Last week, the Supreme Court of Western Australia awarded a monumental sum of $25 million to the daughter of mining magnate, Michael Wright, following a challenge to his Will.
This is the largest family provision award in Australian history and many have questioned whether it is reasonable or excessive in the circumstances.
Michael Wright died in April 2012 and was survived by his wife, three adult children from an earlier marriage and Olivia Mead (the claimant) from an earlier relationship.”
His estate was estimated to have a value of more than $1 billion. Though, by the time of the hearing, the majority of the estate had already been distributed to the deceased’s wife and other children and approximately $45 million remained.

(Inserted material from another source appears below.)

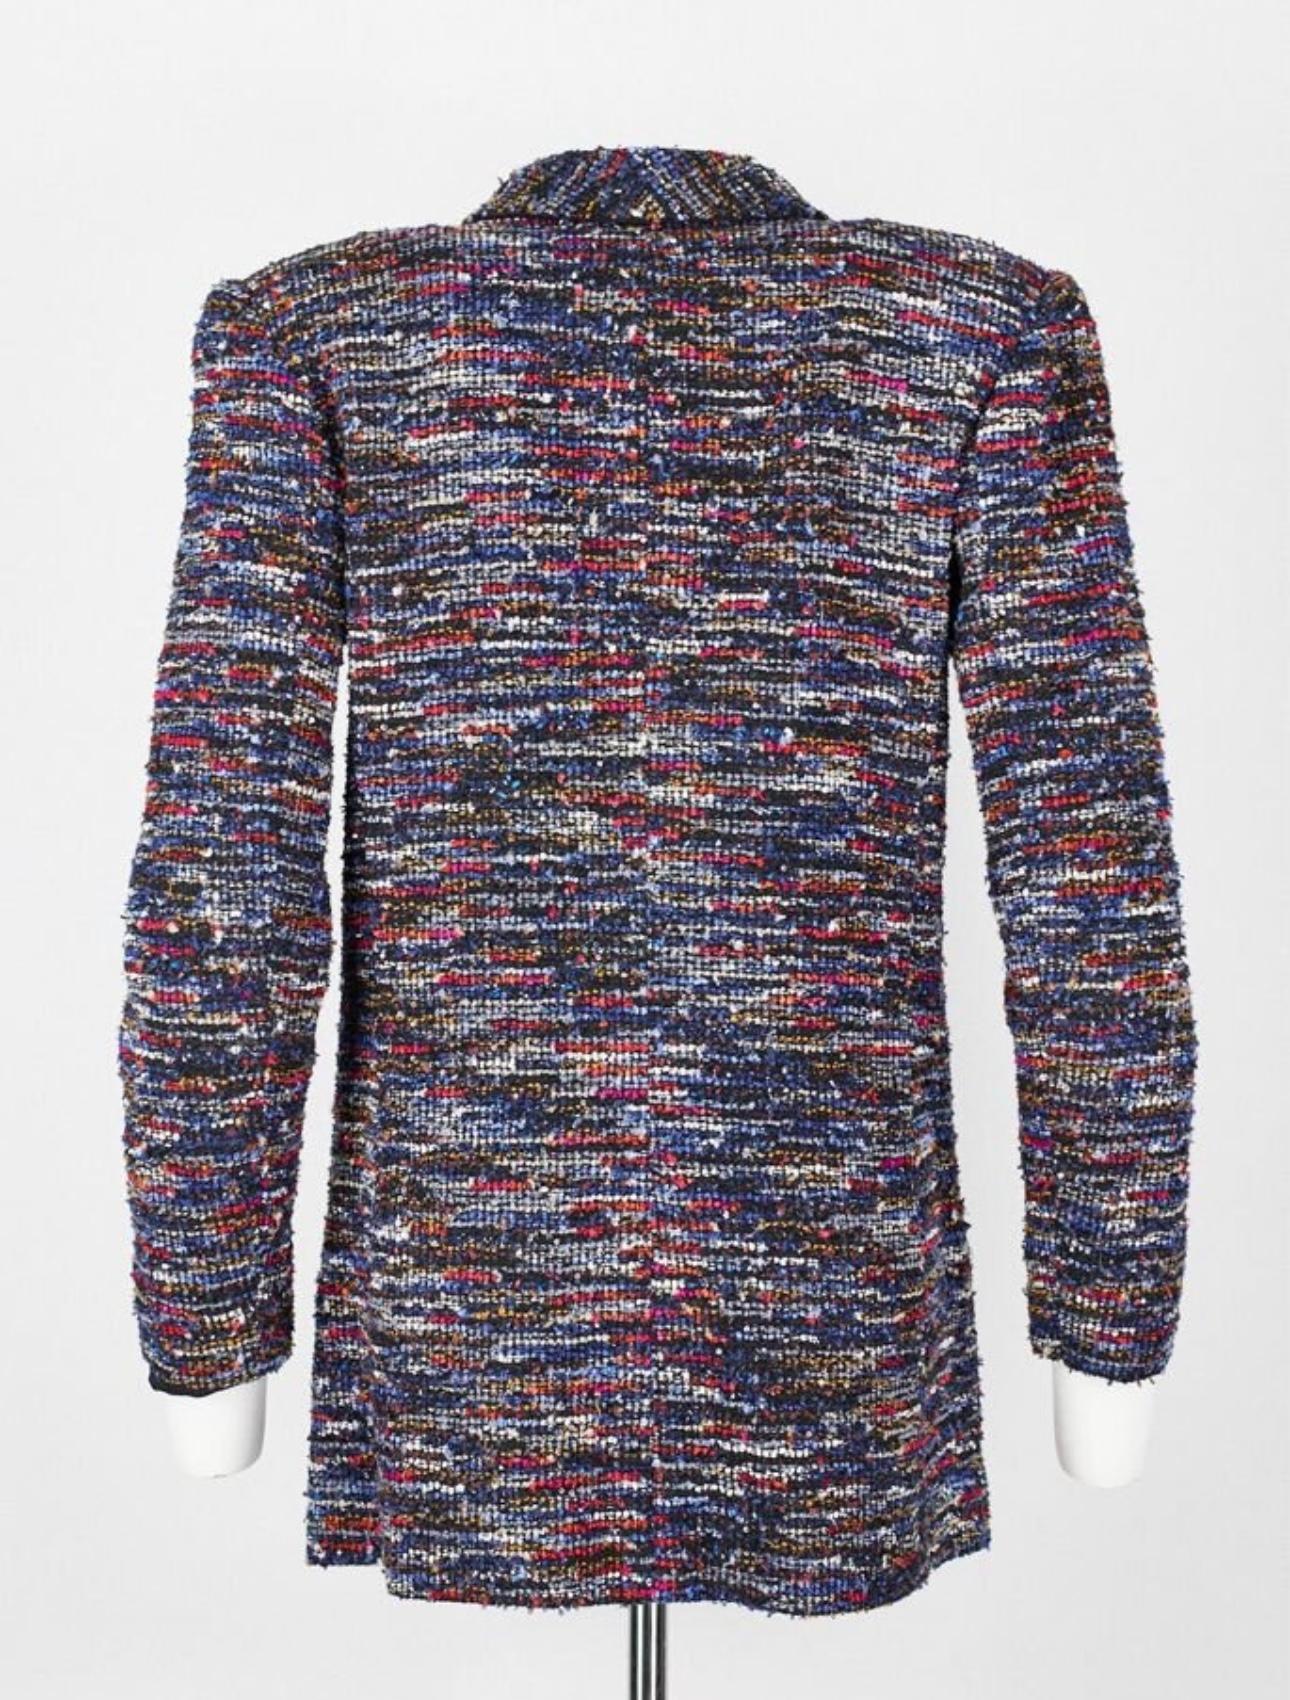 Chanel Cara Delevingne Style Runway Tweed jacket  For Sale 8
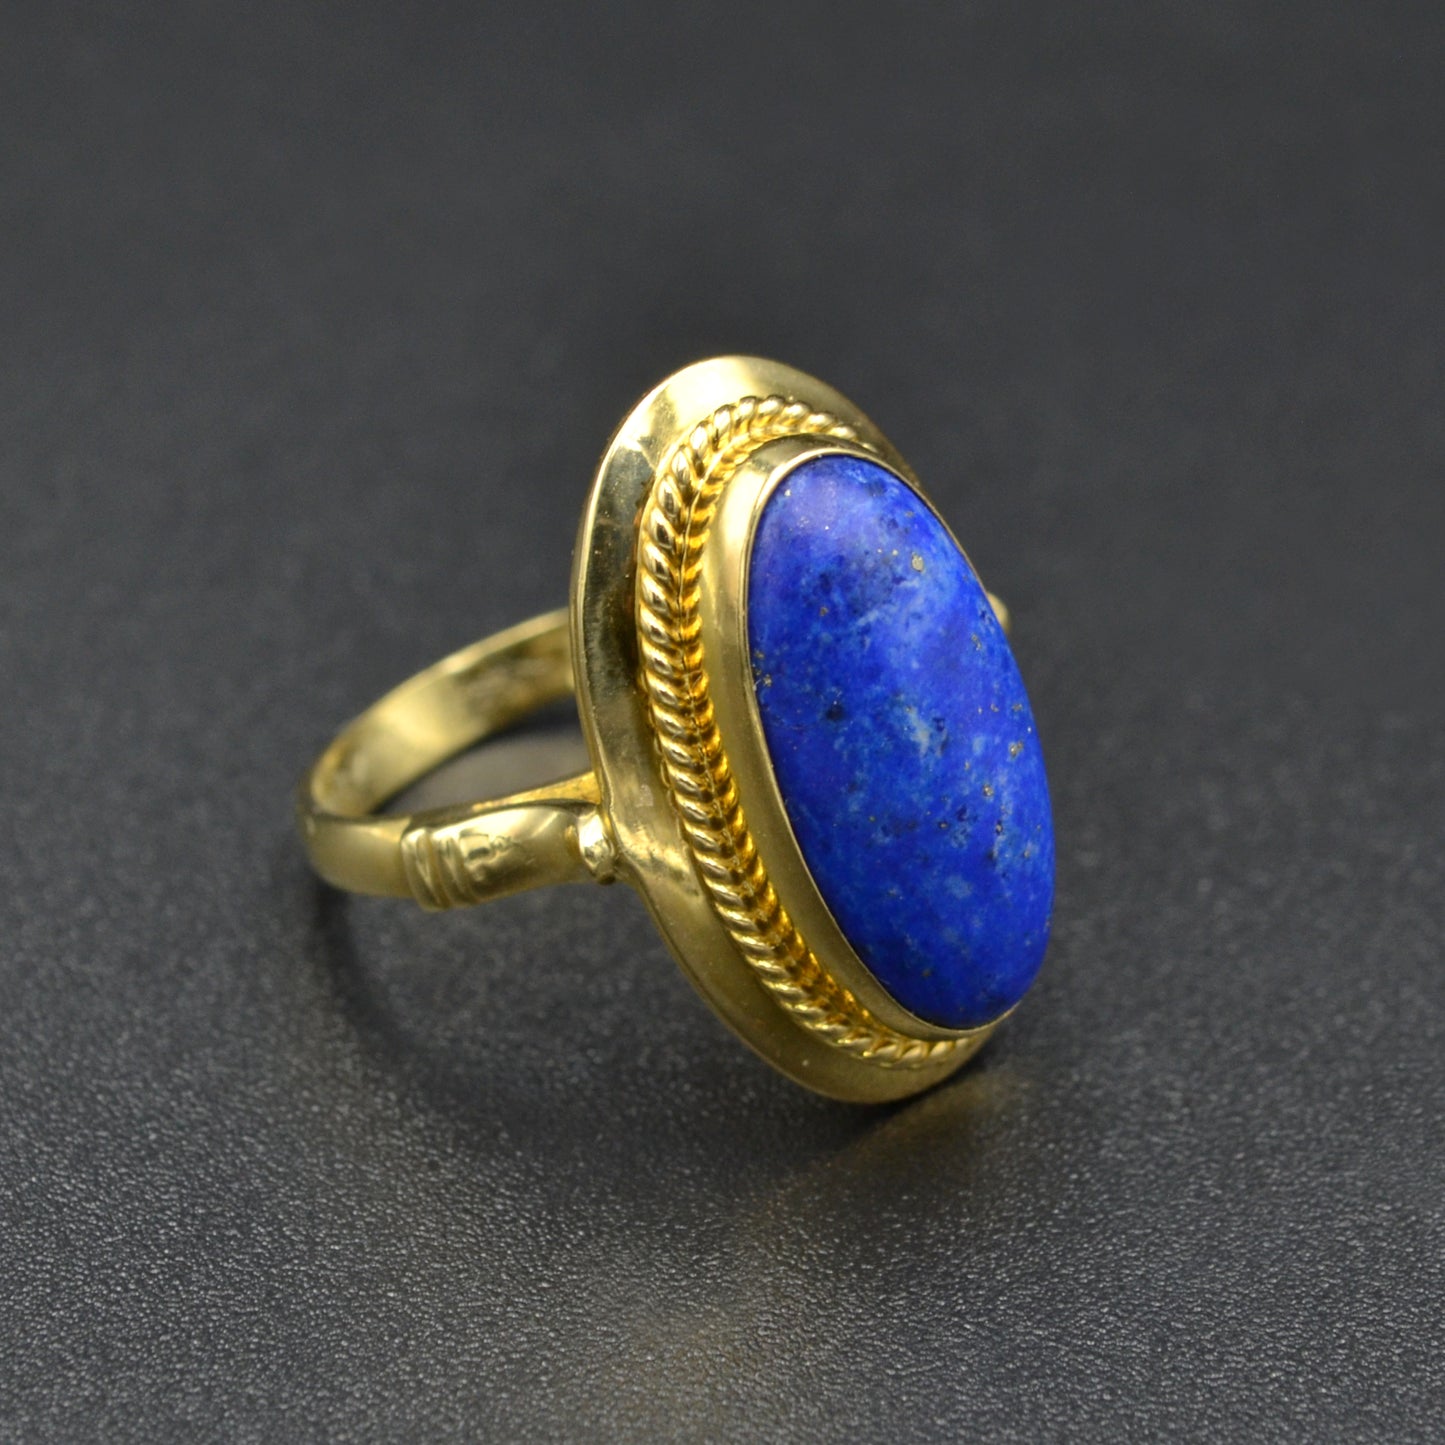 Vintage Lapis Lazuli Cabochon and 18k Gold Ring

The deceased had made some provision for Olivia in his Will by establishing a trust, which he intended to hold $3 million for her benefit. However, the trust was to be managed by an independent person and it was entirely up to that person how much money (if any) Olivia would receive from the trust until she reached the age of 30. At the age of 30, Olivia would be entitled to receive any balance remaining in the trust, unless she was disqualified by any number of things, which included (amongst other things) having been involved with illicit drugs or converting to any religion other than Christianity.
The evidence was that Olivia had virtually no relationship with her father over the years, at his choosing. Further, he provided very little financial support to her and her mother, other than making child support payments (which he was legally required to do) and paying for Olivia’s school fees and providing some pocket money for her. He never purchased any substantial gifts for Olivia or assisted her mother with purchasing a home or paying rent.
The Court held that the following three factors bear the greatest weight when considering a claim for family provision:
- The size of the estate;
- The needs of the person making the claim; and
- The interests of other people having a claim against the estate (in this case, the deceased’s wife and other children).
However, the Court noted that this case was unique because of the very large size of the estate. In this regard, the deceased’s wife and other children admitted that any award made to Olivia from the $45 million remaining in the estate would not have any practical effect on them (as they had already received very generous inheritances). Therefore, there was not really any balancing act for the Judge to consider when coming to his decision.
Ultimately, the Court decided that the deceased’s Will did not adequately provide for Olivia and that she should receive $25 million because:
- the estate was large enough to sustain such an amount.
- Olivia is only 19 years of age and is subject to all of the uncertainties of life ahead of her. In this regard, $25 million will set up her and her future family well so that they will never have to want for anything.
- making the award to Olivia would not disadvantage or negatively affect the other members of the deceased’s family in any way.
- a reasonable person in the position of the deceased should have seen fit to set-up his daughter well for life.
- in the circumstances, reasonable members of the community would expect Olivia to be well provided for by her father.
At a time when family provision claims are on the rise and people are leaving wealthy estates, this case gives a unique insight into relevant considerations of the Court when hearing these matters. It is also a useful reminder that while everyone should seek expert legal advice in relation to their estate planning, even the seemingly best and most expensive arrangements cannot prevent a challenge to your estate.